> _COLLECTED DATA_
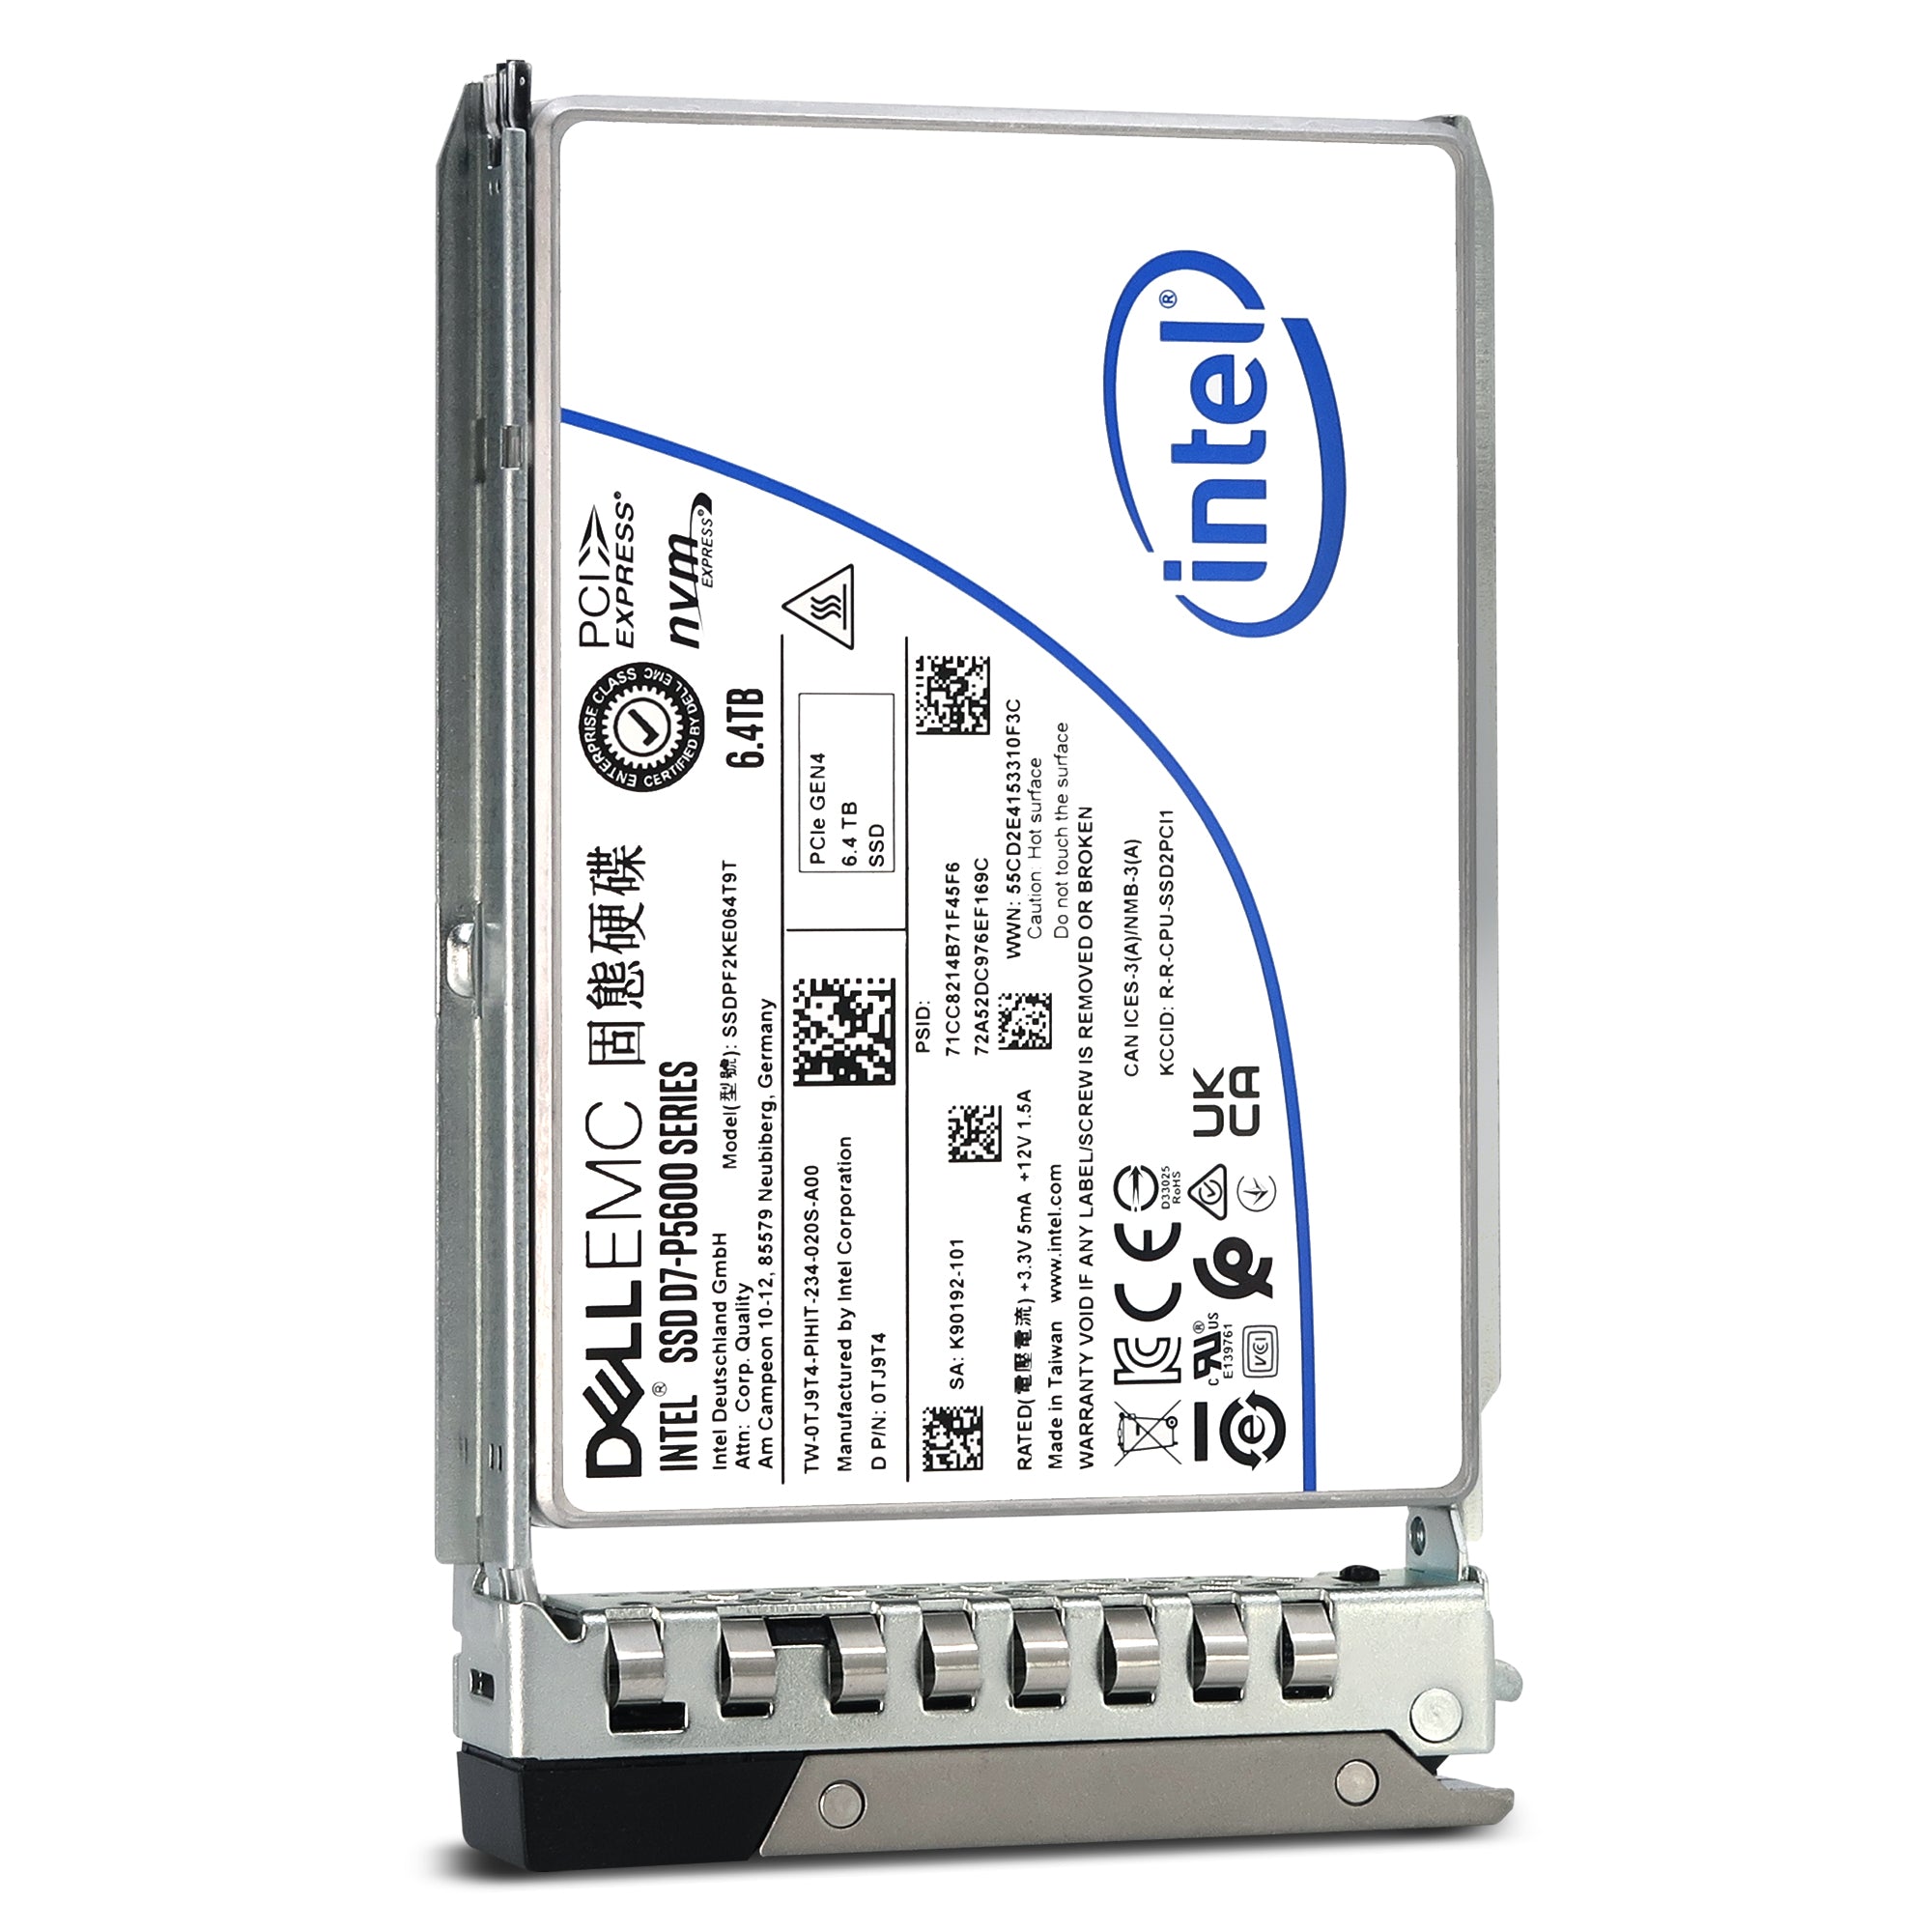 Dell G14 SSDPF2KE064T9TP 0TJ9T4 6.4TB PCIe Gen 4.0 x4 8GB/s 3D TLC 3DWPD SED U.2 NVMe 2.5in Solid State Drive - Front View
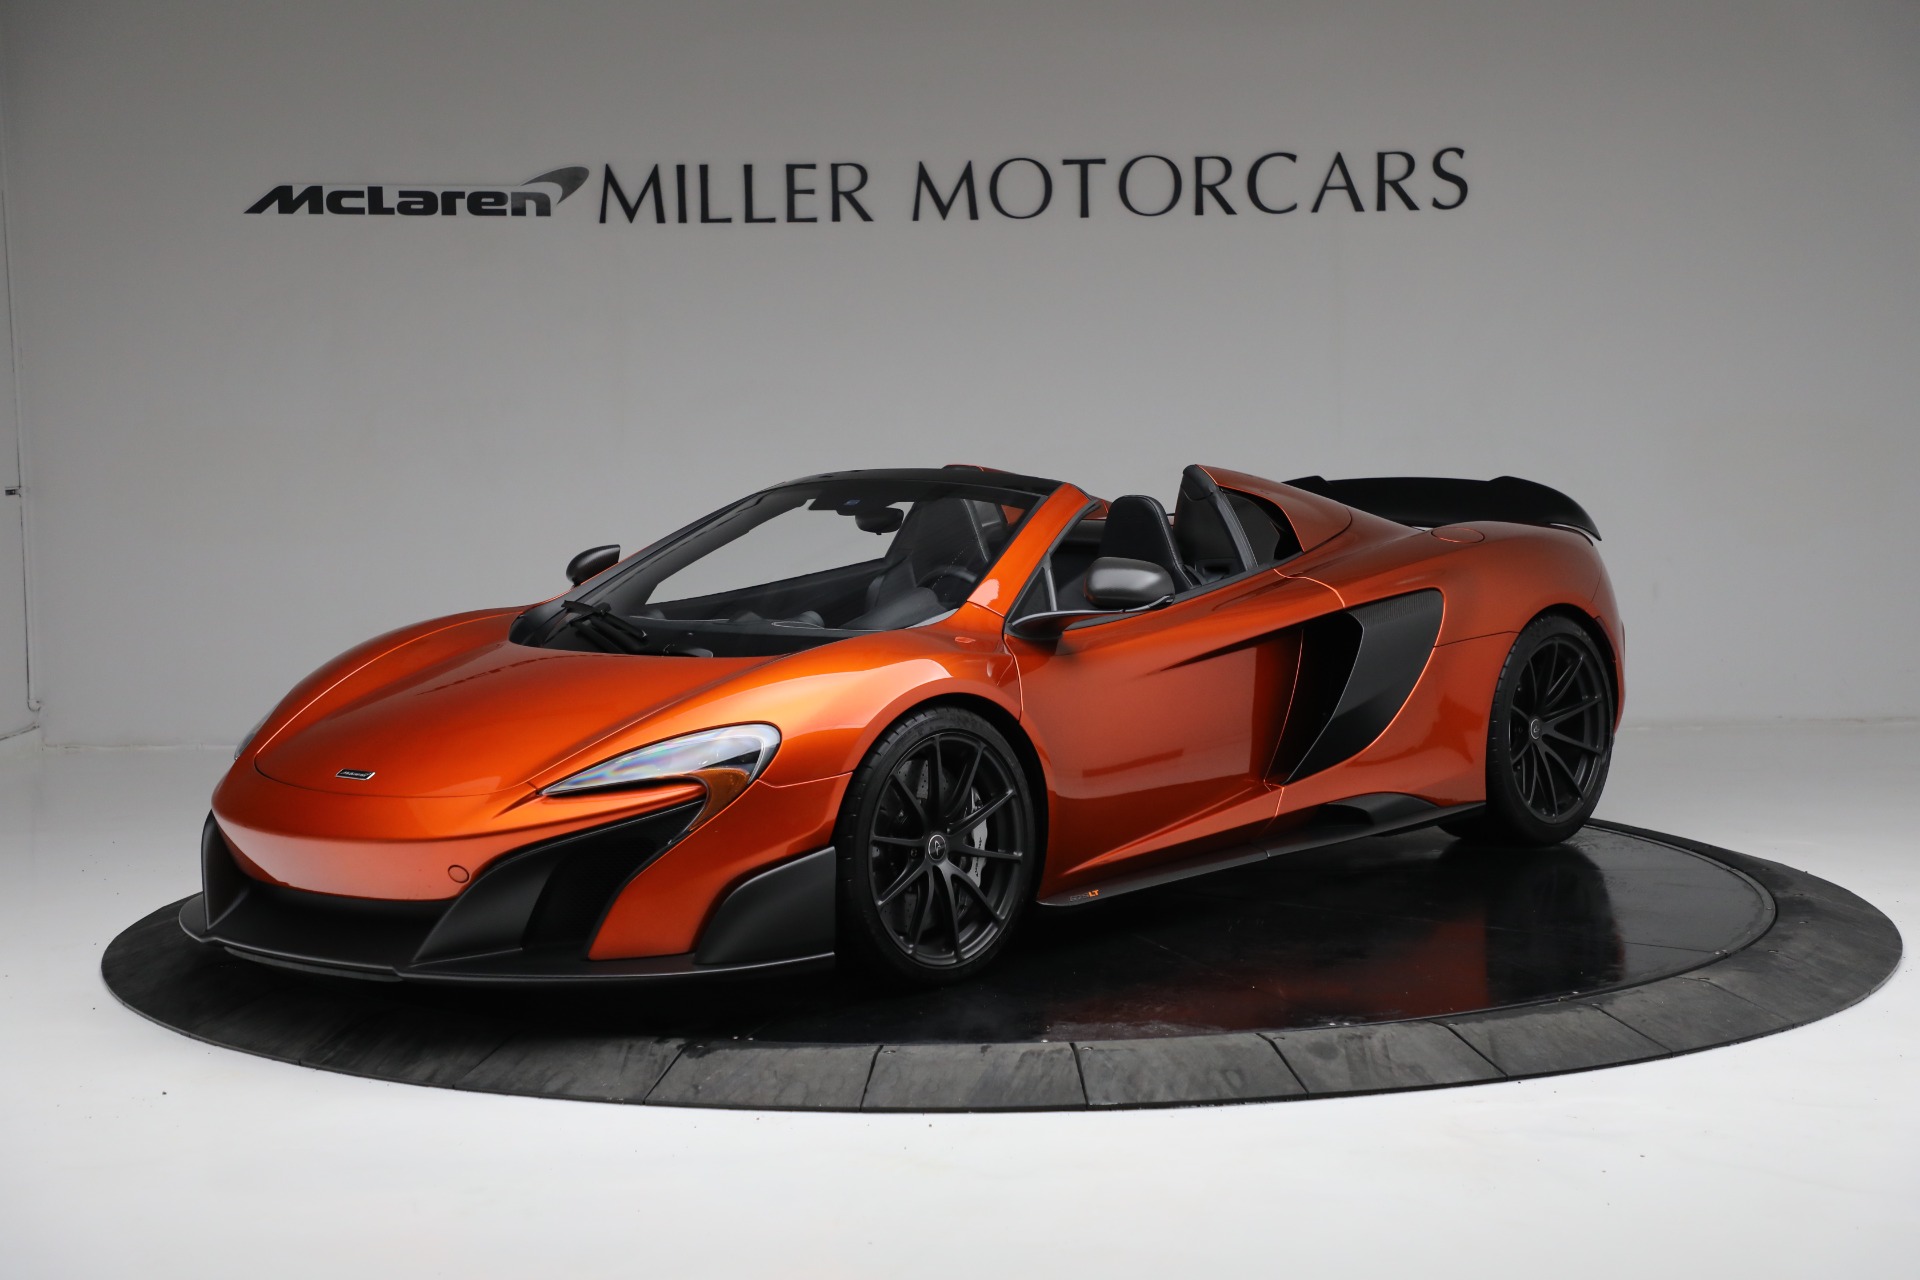 Used 2016 McLaren 675LT Spider for sale $335,900 at Aston Martin of Greenwich in Greenwich CT 06830 1
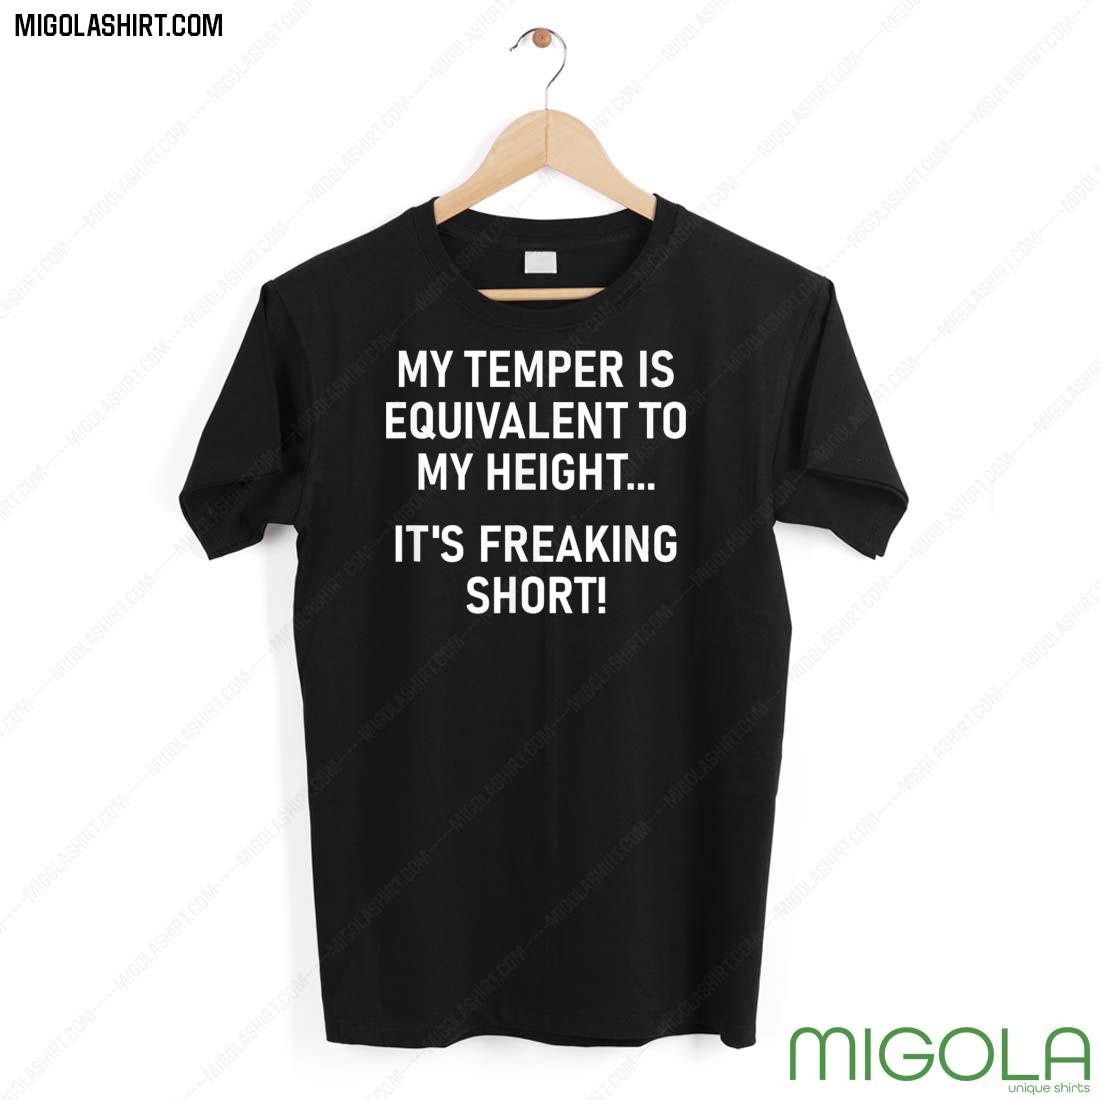 My Temper Is Equivalent To My Height Shirt

> _WORK ITEM_
From the first line to the last, return the material above exactly, apart from the pictures.

> _RESPONSE BOX_
 Dell G14 SSDPF2KE064T9TP 0TJ9T4 6.4TB PCIe Gen 4.0 x4 8GB/s 3D TLC 3DWPD SED U.2 NVMe 2.5in Solid State Drive - Front View
 Used 2016 McLaren 675LT Spider for sale $335,900 at Aston Martin of Greenwich in Greenwich CT 06830 1
 My Temper Is Equivalent To My Height Shirt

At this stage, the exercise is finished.